Soluble HLA-B7 loaded with SPR peptide (SPRWYFYYL) and HLA-A2 loaded with LLL peptide (LLLDRLNQL) peptide were prepared by in vitro folding of E. coli inclusion bodies as described52. Correctly folded SPR–HLA-B7, LLL–HLA-A2 complexes were purified using sequential Superdex 200 (20 mM Tris-HCl (pH 8.0), 20 mM NaCl) and Mono Q columns (20 mM Tris-HCl (pH 8.0), 0–1.0 M NaCl gradient). To produce biotinylated HLA-B7 and HLA-A2, a C-terminal tag (GGGLNDIFEAQKIEWHE) was attached to the HLA-B*07:02 and HLA-A*02:01 heavy chain, respectively. Biotinylation was carried out with BirA biotin ligase (Avidity).
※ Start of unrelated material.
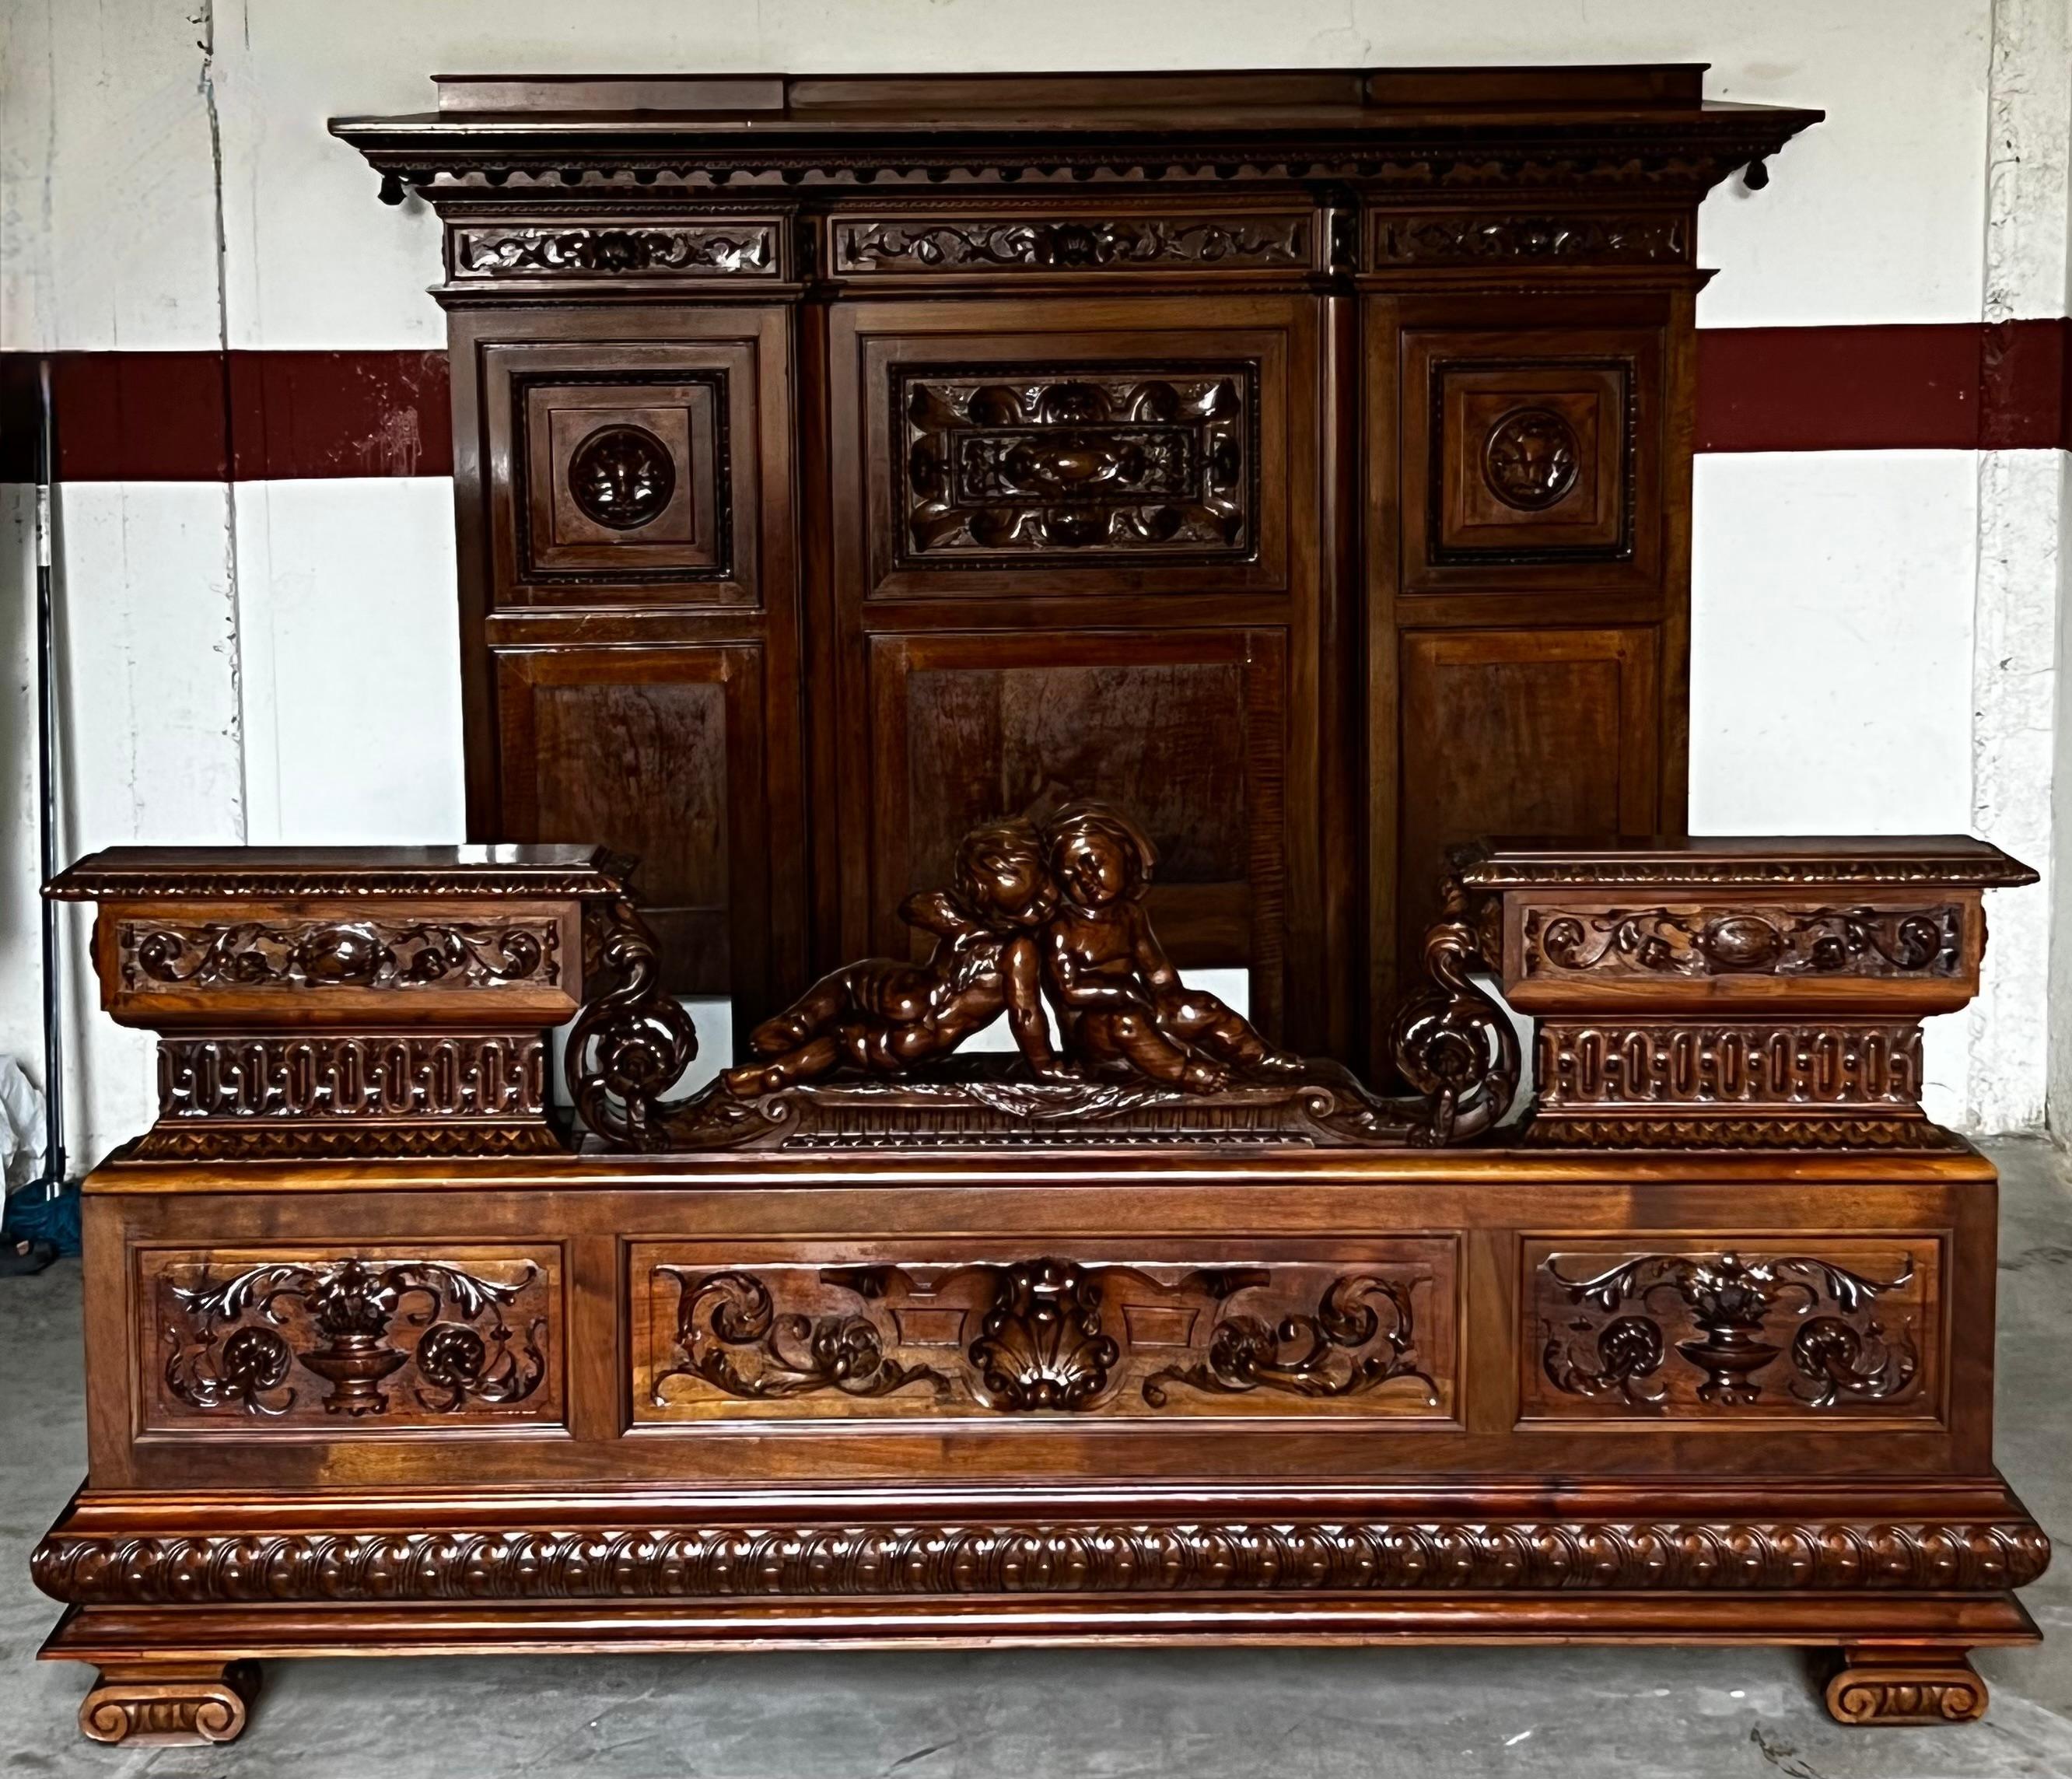 This bed was privately commissioned by a collector about 40 years ago representing a rare opportunity to purchase a vintage, hand-crafted bed made to the highest standards in the Renaissance-architectural-style , figurative and armorial carving. •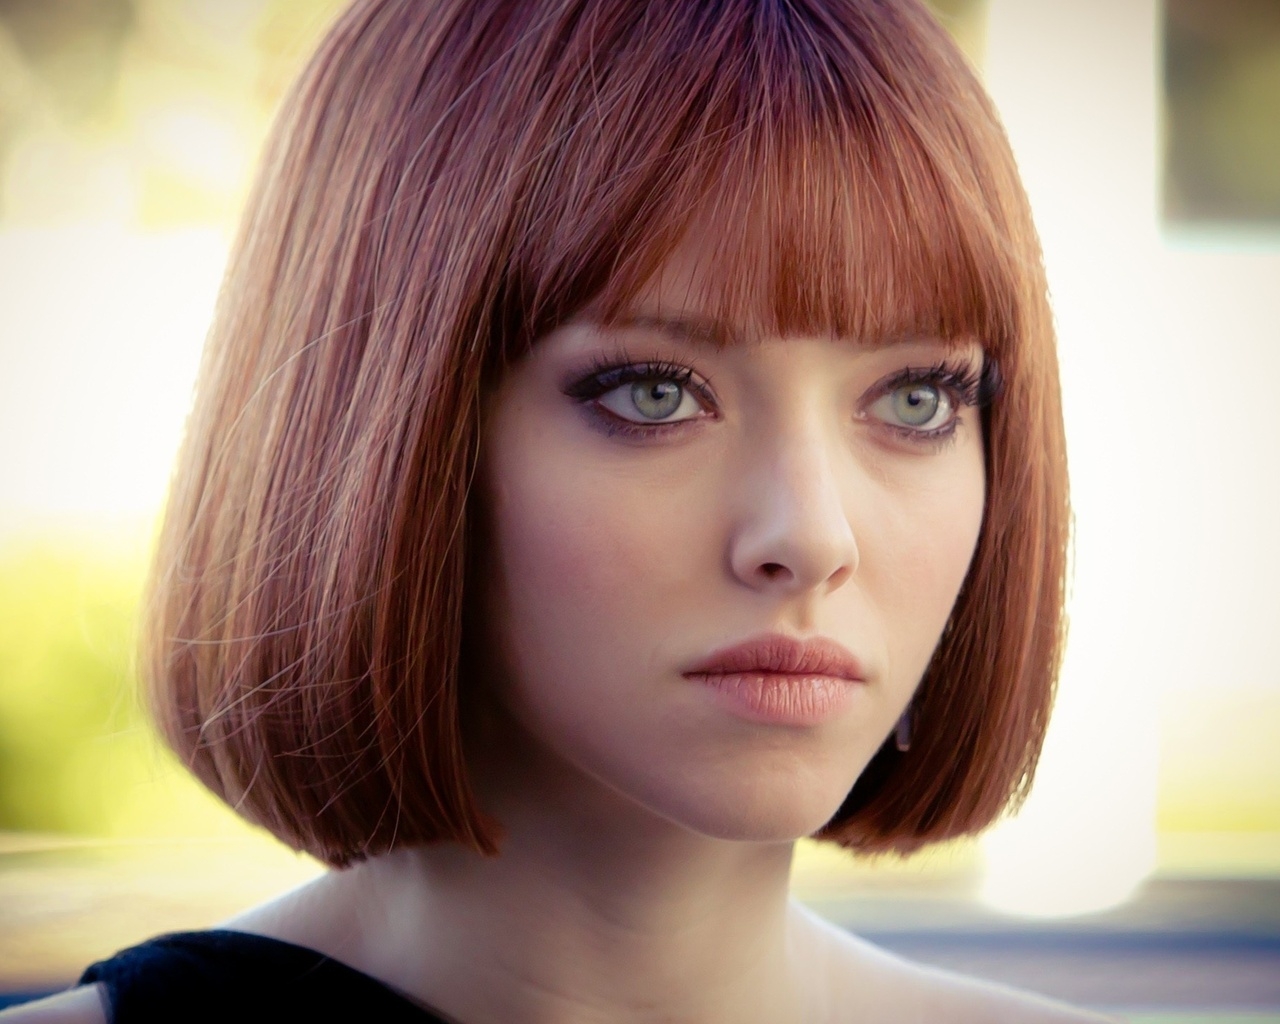 Amanda Seyfried In Time for 1280 x 1024 resolution

Crystallization and data collection
For crystallization of TCR–pMHC complexes, TCRs Q04 and CLB were mixed with SPR–HLA-B7 and TCR LLL6E was mixed with LLL–HLA-A2 in a ratio of 1:1 and concentrated to 10 mg/ml. Crystals were obtained at room temperature by vapor diffusion in hanging drops. The Q04–SPR–HLA-B7 complex crystallized in 0.1 M Tris-HCl (pH 8.5), 0.2 M calcium chloride, and 13% (w/v) PEG 3350. Crystals of the CLB–SPR–HLA-B7 complex grew in 0.1 M ammonium citrate dibasic and 20% (w/v) PEG 3350. Crystals of LLL6E–LLL–HLA-A2 were obtained in 0.2 M potassium sodium tartrate tetrahydrate and 20% (w/v) PEG 3350. Crystals of SPR–HLA-B7 grew in 0.1 HEPES (pH 7.5), 0.2 M ammonium acetate, and 24% (w/v) PEG 3350. All crystals were cryoprotected with 20% (w/v) glycerol and flash-cooled. X-ray diffraction data were collected at beamline BL19U1 and BL02U1 of the National Facility for Protein Science in Shanghai (NFPS), Shanghai Synchrotron Radiation Facility. Diffraction data were indexed, integrated, and scaled using the program XDS78. Data collection statistics are shown in Supplementary Table 2.
Structure determination and refinement
Before structure determination and refinement, all data reductions were performed using the CCP4 software suite79. Structures were determined by molecular replacement with the program Phaser80 and refined with Phenix81. The models were further refined by manual model building with Coot82 based on 2Fo–Fc and Fo–Fc maps. SPR–HLA-B7 (7LGD)29 and AlphaFold-modeled TCR Q04 were used as search models to determine the orientation and position of the Q04–SPR–HLA-B7 complex. The orientation and position parameters of unbound SPR–HLA-B7 were obtained using the corresponding component of the CLB–SPR–HLA-B7 complex as a search model. The α chain of TCR T1D3 (6DFX)83, the β chain of TCR DN6 (4ONH)84, and SPR–HLA-B7 (7LGD)29 with the CDRs removed were used as search models for molecular replacement to determine the structure of the CLB–SPR–HLA-B7 complex. The α chain of TCR 12-6 (6VRM)52, the β chain of TCR AS8.4 (8CX4)85, and LLL–HLA-A2 (7KGQ)56 with the CDRs removed, were used as search models to determine the orientation and position of the LLL6E–LLL–HLA-A2 complex. Refinement statistics are summarized in Supplementary Table 2. Contact residues were identified with the CONTACT program79 and were defined as residues containing an atom 4.0 Å or less from a residue of the binding partner. The PyMOL program (https://pymol.org/) was used to prepare figures.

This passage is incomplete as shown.